Insgesamt gebe es heute in Deutschland aber nur noch sehr geringe Zuwanderung. Mehr Einwanderung sei auch keine Lösung für die demographische Katastrophe. Dazu müßten 250 Millionen Menschen nach Deutschland einwandern - und das sei nicht nur unvorstellbar, sondern "würde Deutschland überfordern".

Das Land ist "bunter und vielfältiger"

"Heute haben zwanzig Prozent der Bevölkerung in Deutschland einen Migrationshintergrund", sagte Schäuble. Diese Menschen seien eine Bereicherung und eine Chance für Deutschland, das durch sie "bunter und vielfältiger" geworden sei.
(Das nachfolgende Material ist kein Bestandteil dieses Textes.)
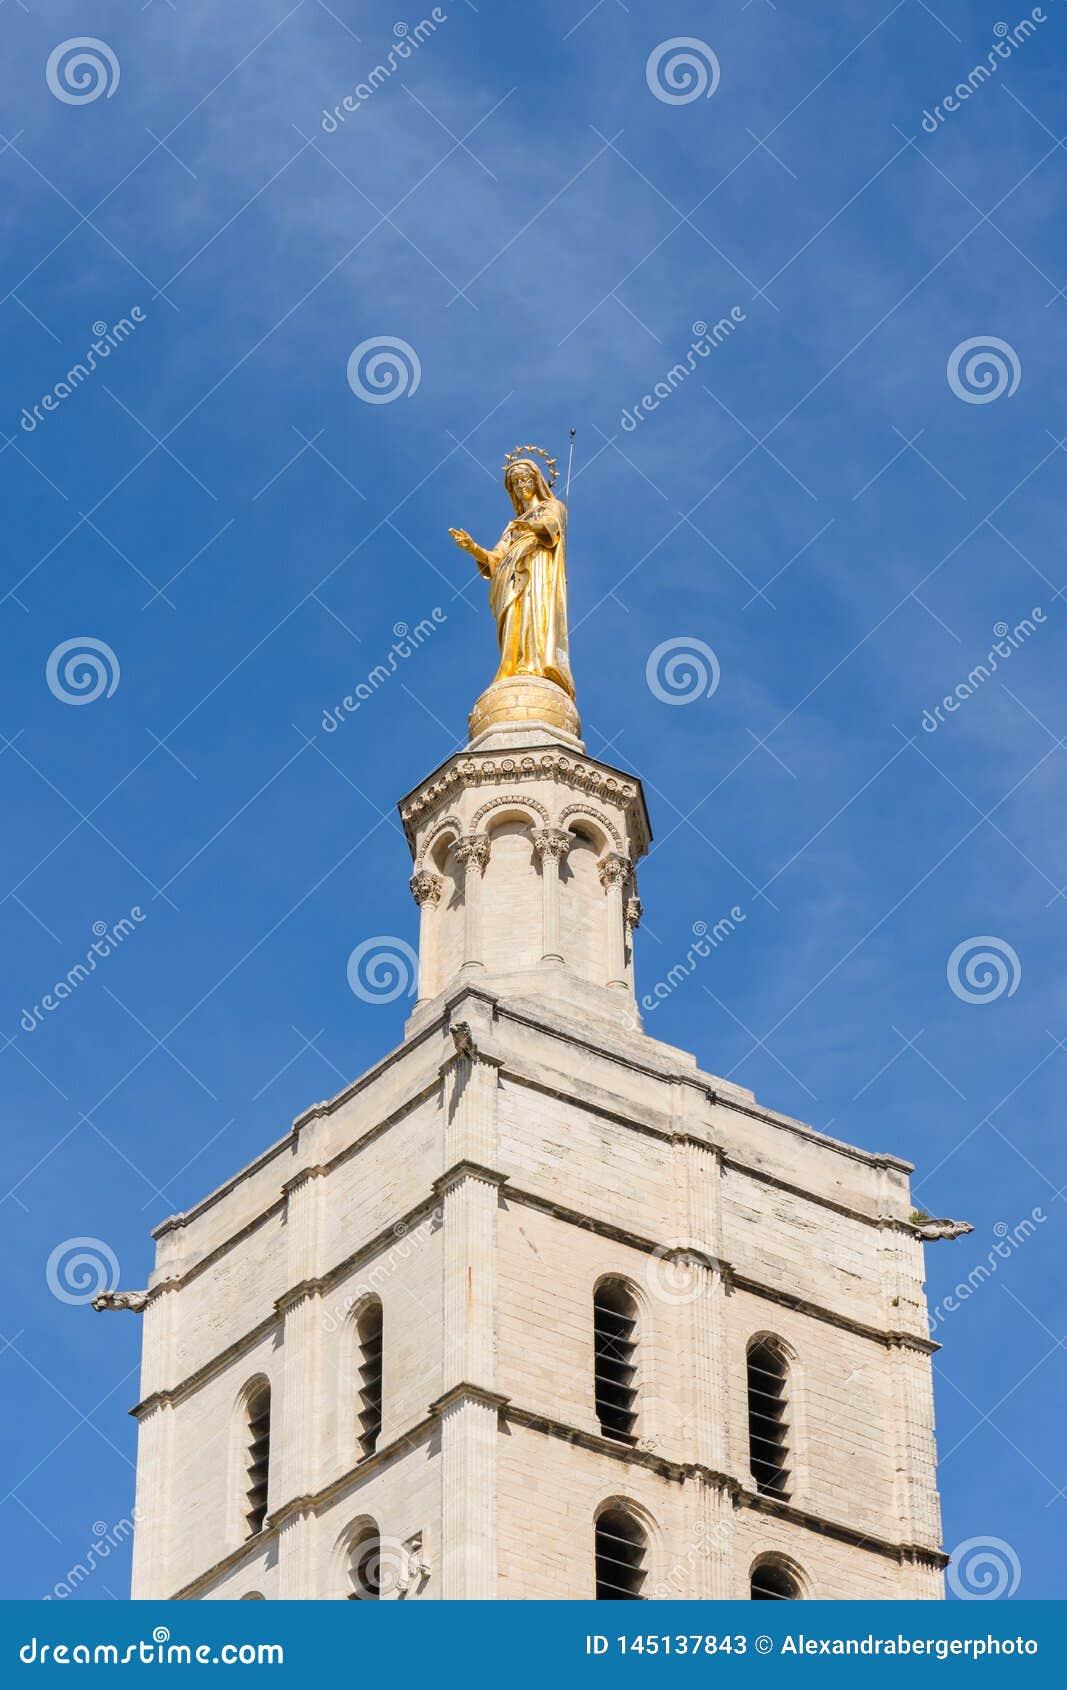 Estatua de oro en el chapitel de la iglesia, Aviñón, Francia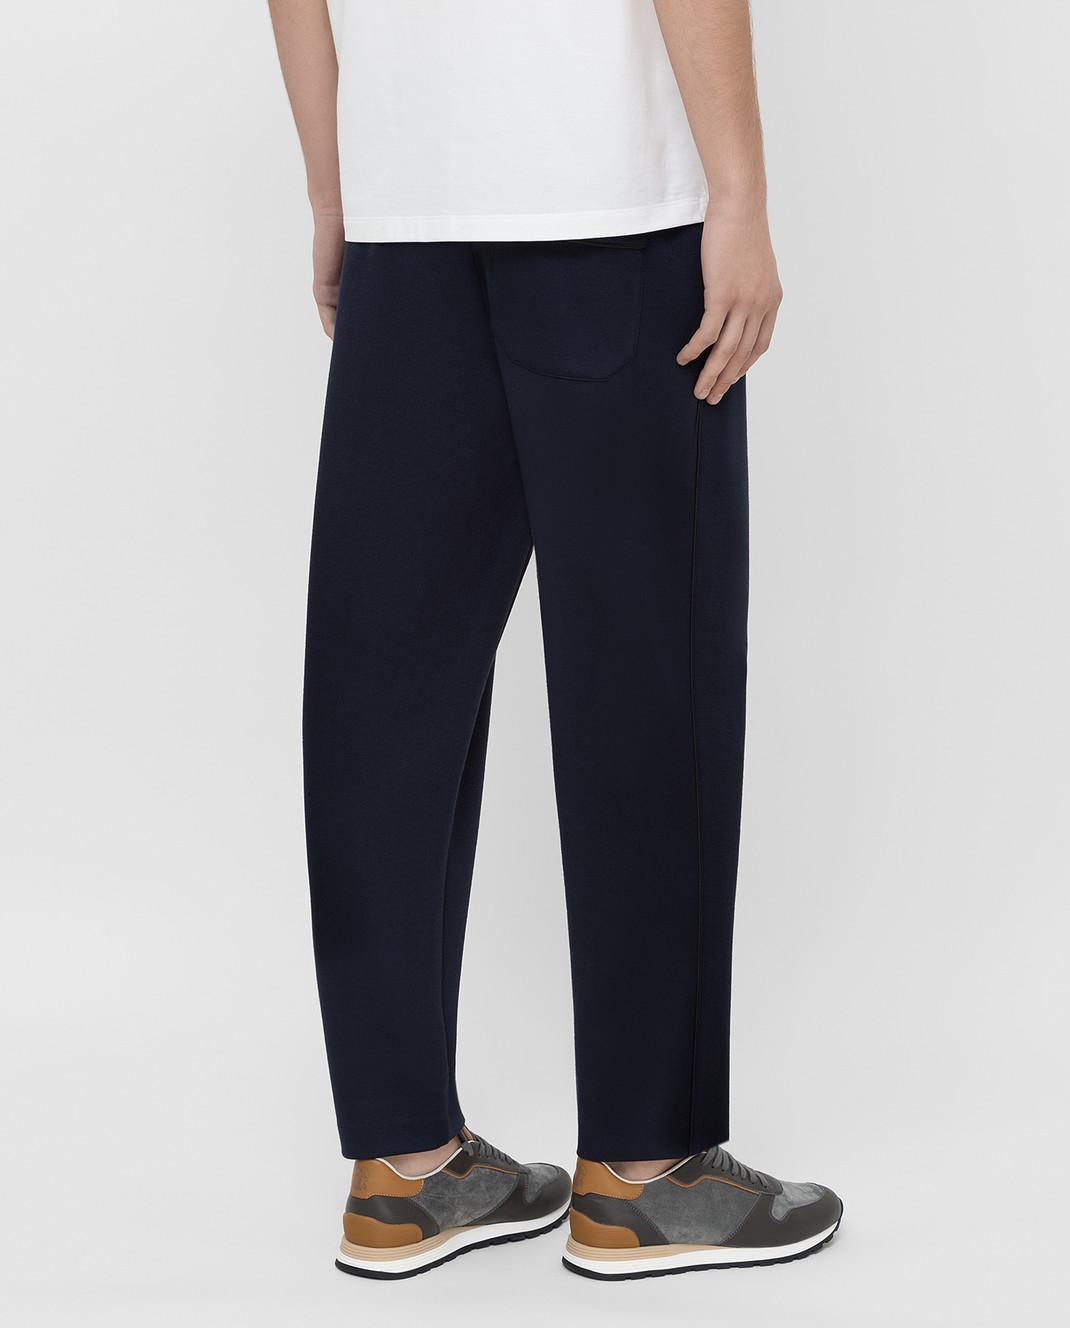 Moncler Темно-синие спортивные брюки 1146600829FC изображение 4

"Aber ich will die Wirklichkeit nicht schöner reden, als sie ist", sagte Schäuble. Es gebe auch viele Probleme, darunter Schleuserkriminalität, Menschenhandel und illegale Einwanderung. Was die langjährig geduldeten Ausländer betreffe, so seien dies alles Menschen, die "von Rechts wegen nicht hier sein dürften", sagte Schäuble und stieß damit beim Publikum auf Ablehnung. Wer ihren Aufenthalt schnell legalisiere, schaffe Anreize für weitere Illegale. Das die Initiative zum jüngst verabschiedeten Gesetz zu Veränderung des Bleiberechts (JF 48/06) gerade von ihm ausging, erwähnte der Innenminister nicht.

Auf die Kritik der Caritas, daß der deutsche Arbeitsmarkt Ausländer aussperre, reagierte Schäuble noch einmal heftig. Bei rund vier Millionen Arbeitslosen hierzulande fördere man Integration nicht, indem man der deutschen Bevölkerung das Gefühl gebe, ihre Arbeitsplätze werden weggeschnappt. "Deshalb verstehe ich die Menschen, die gegen eine freizügige Öffnung des Arbeitsmarktes sind", sagte Schäuble. Wer diese Ängste aber ignoriere, steigere im Endeffekt die Ausländerfeindlichkeit. Und "da werden uns alle Caritasverbände und Monsignores nicht helfen".